Spending as a percentage of GDP beyond the Marshall Plan that rebuilt Europe after World War II is what the European economy needs to revive itself and compete with the US and China, Mario Draghi in the long-awaited report on the European economy.
In the introductory section of the 400-page report, Italy’s former central banker and prime minister stresses that the bloc needs additional investment of 750-800 billion a year, or up to 5% of GDP, to transform its economy.
In order to cover these costs, Europe should issue regular issues of common bonds.
“The private sector is unlikely to be able to finance the lion’s share of this investment without the support of the public sector”Draghi wrote, adding that “some common funding will be needed to invest in key European public goods such as breakthrough innovation”. He reiterated the call for a common secure asset and common EU funding to support “European public goods” such as common energy infrastructure and common defense procurement, as well as new EU-level contributions to fund more effective spending through the public budget.
The main points
The European Commission asked Draghi a year ago to draft the report on how the EU will keep its greener and more digital economy competitive in an era of increased global friction.
EU countries have already responded to the new data, Draghi’s report said, but their effectiveness is limited by a lack of coordination.
Dear Mario Draghi, a year ago, I asked you to prepare a report on the future of Europe’s competitiveness.
No one was better placed than you to take up this challenge.
Now, we are eager to listen to your views ↓
https://t.co/aHjnX6Si5D— Ursula von der Leyen (@vonderleyen) September 9, 2024
Different levels of subsidies between countries distort the single market, fragmentation limits the scale needed to compete globally and EU decision-making is complex and slow.

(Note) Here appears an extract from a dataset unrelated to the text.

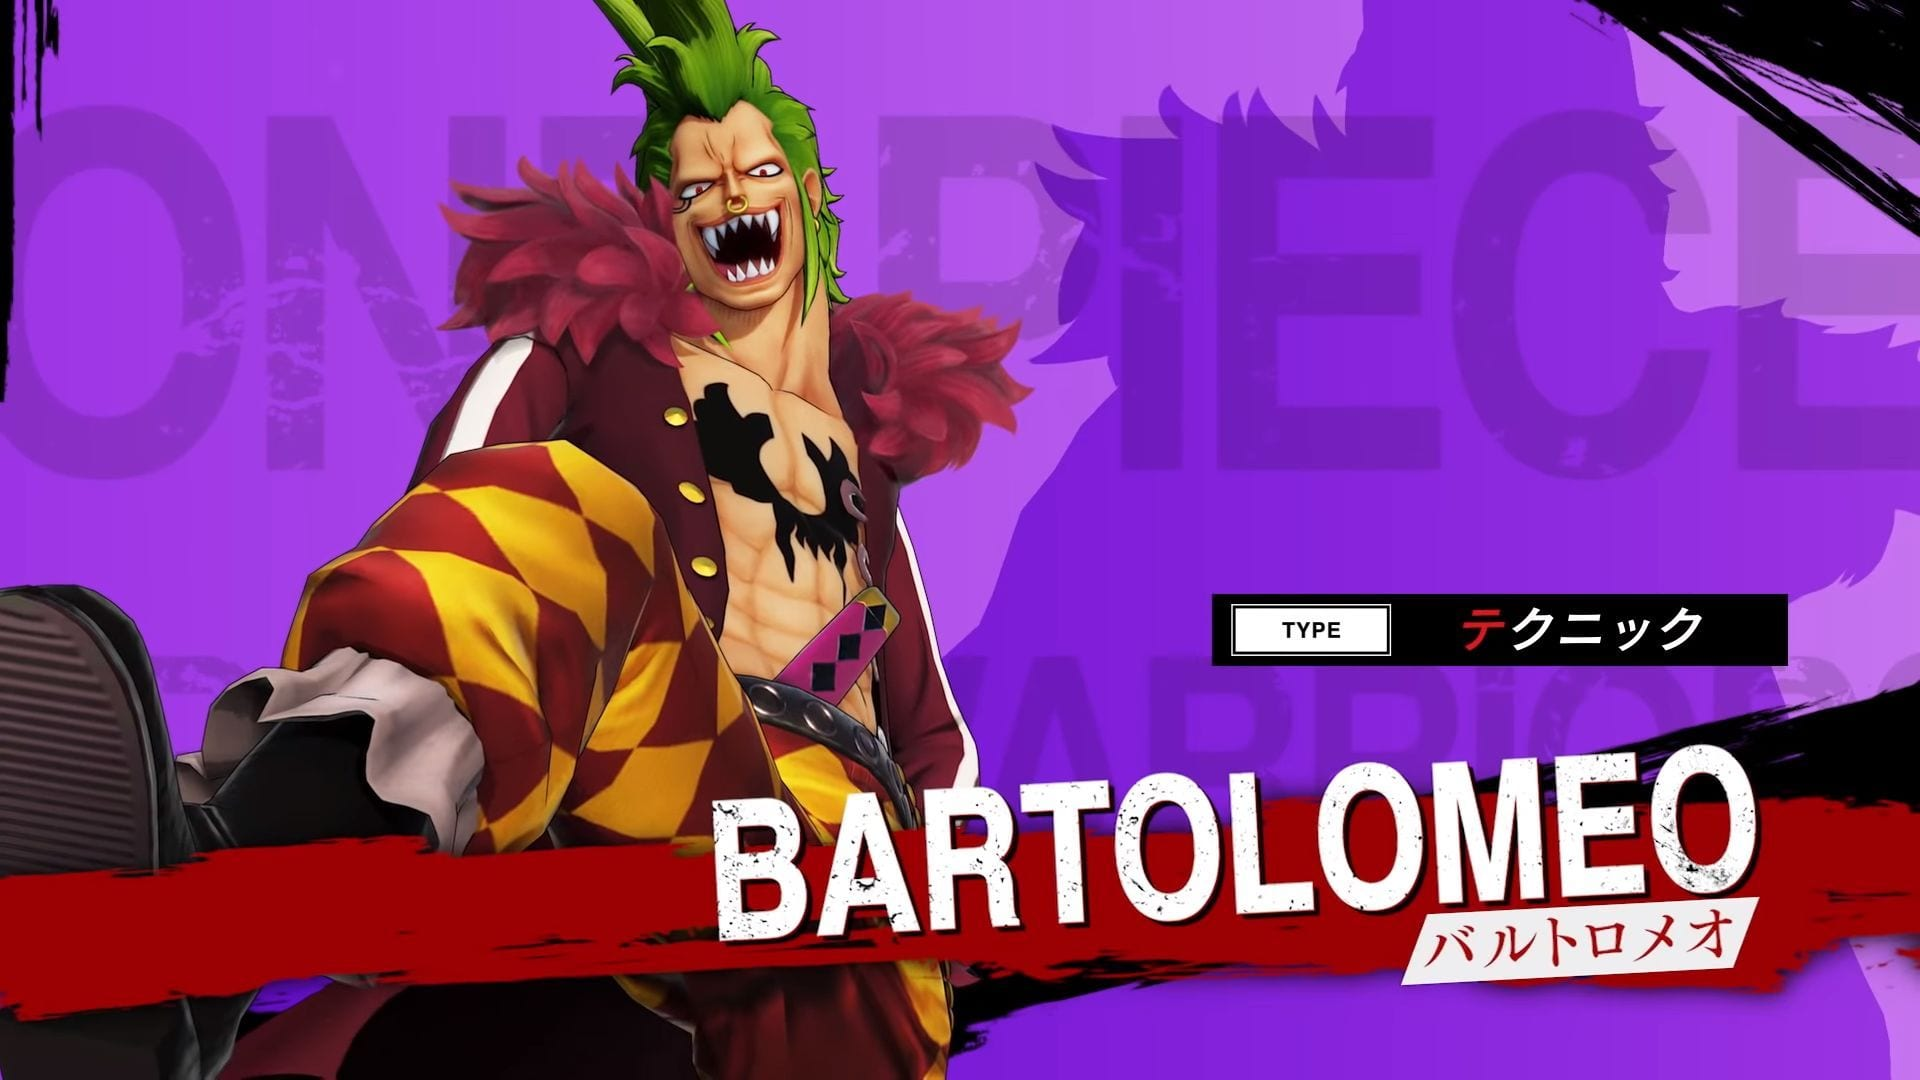 One Piece: Pirate Warriors 4 Bartolomeo

“It will require refocusing the EU’s work on the most pressing issues, ensuring effective policy coordination behind common objectives and use existing governance processes in a new way that will allow Member States that want to move faster to do so”the report states.
He urged the bloc to develop its advanced technologies, create a plan to meet its climate goals and strengthen defense and security of critical raw materials, calling the project an “existential challenge.”

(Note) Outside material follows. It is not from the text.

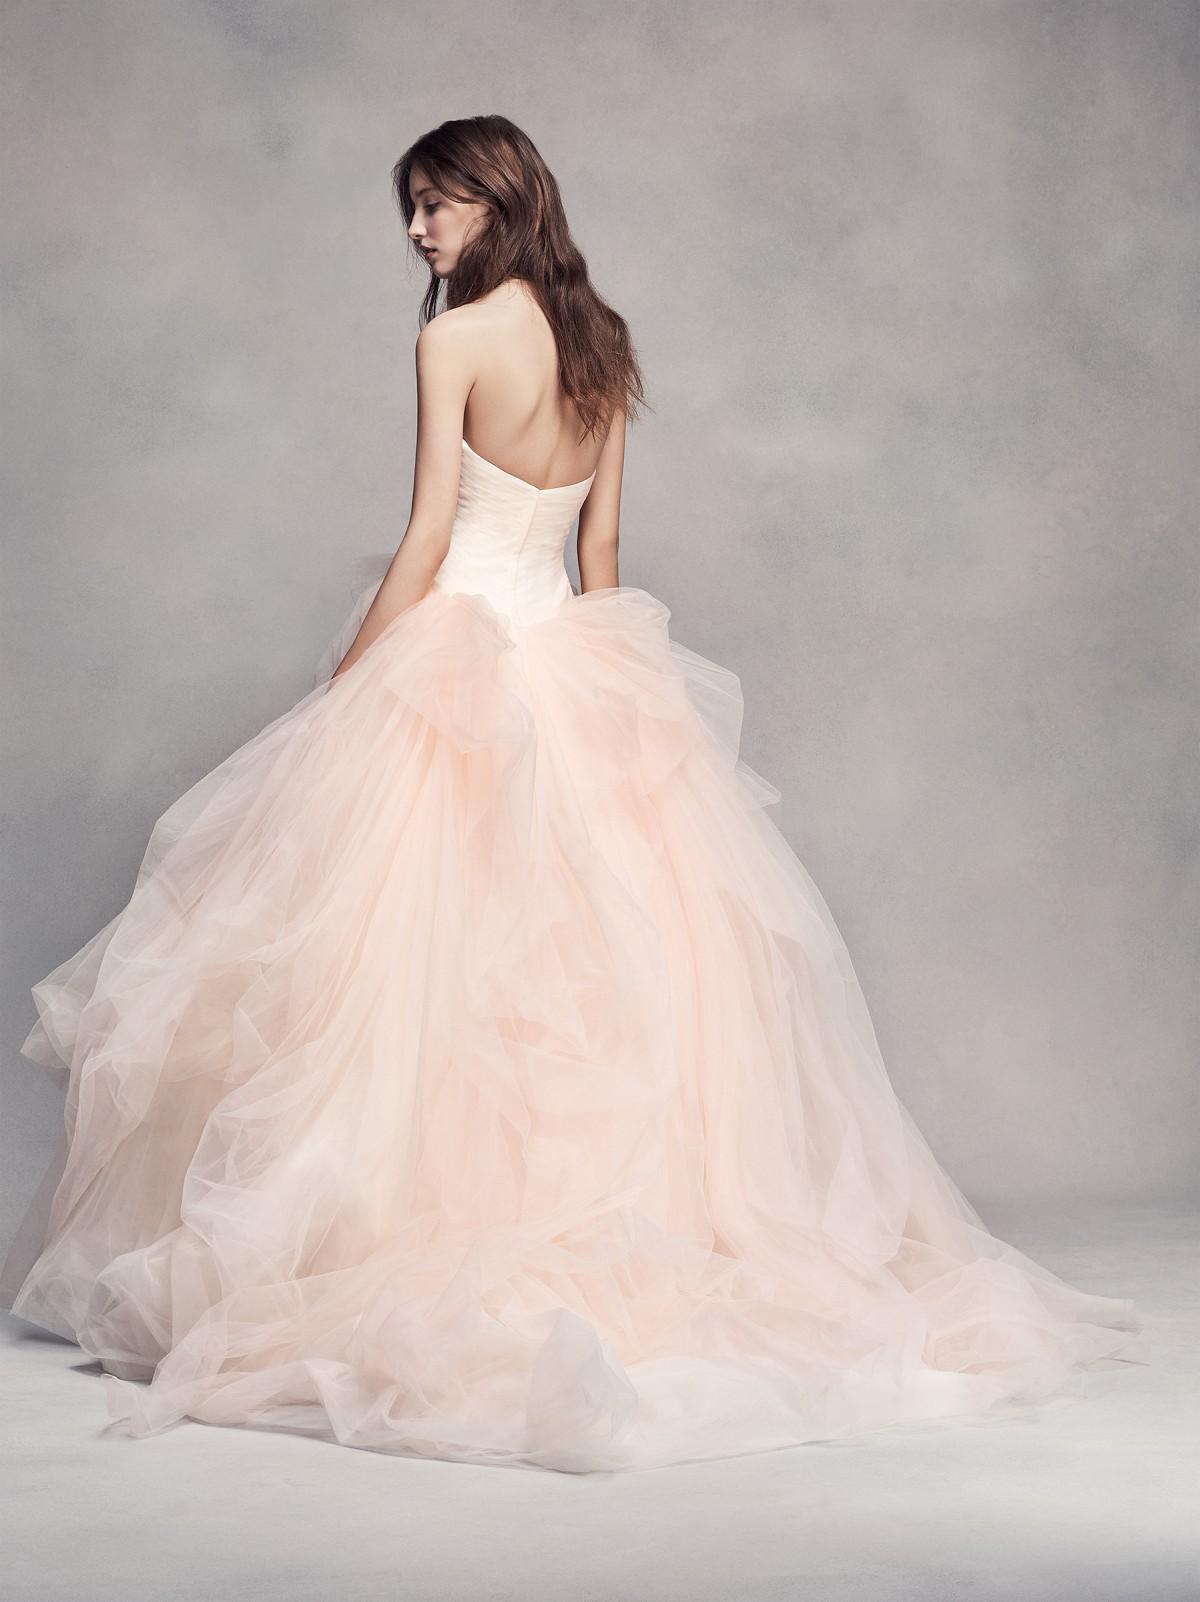 Affordable wedding dresses by David's Bridal

The European Union needs a much more coordinated industrial policy, faster decisions and massive investment if it is to keep pace economically with its rivals the United States and China, he said.
He warned that the EU’s economic growth was “persistently slower” than in the US, calling into question the bloc’s ability to digitize and liberalize the economy fast enough to compete with its rivals to the east and west. “If Europe cannot become more productive, we will be forced to choose. We will not be able to become, immediately, a leader in new technologies, a beacon of climate responsibility and an independent player on the world stage,” he wrote in the report. “We will have to scale back some, if not all, of our ambitions.”
Energy, capital markets and telecommunications
The report comes as European leaders become increasingly aware of a loss of competitiveness against the bloc’s main rivals, in part due to Europe’s energy dependence and shortage of raw materials. Meanwhile, the EU continues to be hampered by the inability of its telecommunications and defense industries to exploit economies of scale and be better prepared for a more agile security posture.
The EU has also so far failed to put forward a roadmap to reduce barriers to its capital markets to mobilize billions of euros across its borders needed to accelerate the development of clean technologies to meet its ambitious green goals or to create the next generation of technology champions.
Significant is Draghi’s call for more consolidation in the telecommunications industry, which he said is “needed to deliver higher rates of investment in connectivity.” He also proposed an adjustment of the EU’s competition policy so that it “does not become an obstacle” to the bloc’s industrial goals. In particular, it called for new assessments on technology deals that would look at how certain deals could boost innovation in Europe, as well as further loosening of EU safeguards for state aid in strategically important sectors.
The statements of Ursula von der Leyen
The president of the European Commission, Ursula von der Leyen, prefaced the presentation of the report by Mario Draghi, made three points.
“First, to be competitive, we must master the clean and digital transition. We laid the groundwork for that, as you know, the clean and digital transition, in my first term. Now it’s time to implement it. We need to support our industry to decarbonise through innovation and turn this into a competitive advantage. That is why we must act with all the main levers at our disposal: reduce energy prices, mobilize public and private investment, improve the business environment and reduce unnecessary bureaucracy.
»Secondly, we strongly agree that we need more skills because technologies are only as good as the people who design them, produce them and of course operate them. We need to increase investment in skills and get more people into the workforce, equipped with the skills needed for the clean and digital transition.
»Finally, let’s not forget that to be competitive, we must be resilient. We have been through multiple shocks in recent years and are working to build stronger industrial value chains, especially in terms of security of supply. Key concepts here are access to critical raw materials and key components, robust energy and digital networks, to name just a few.”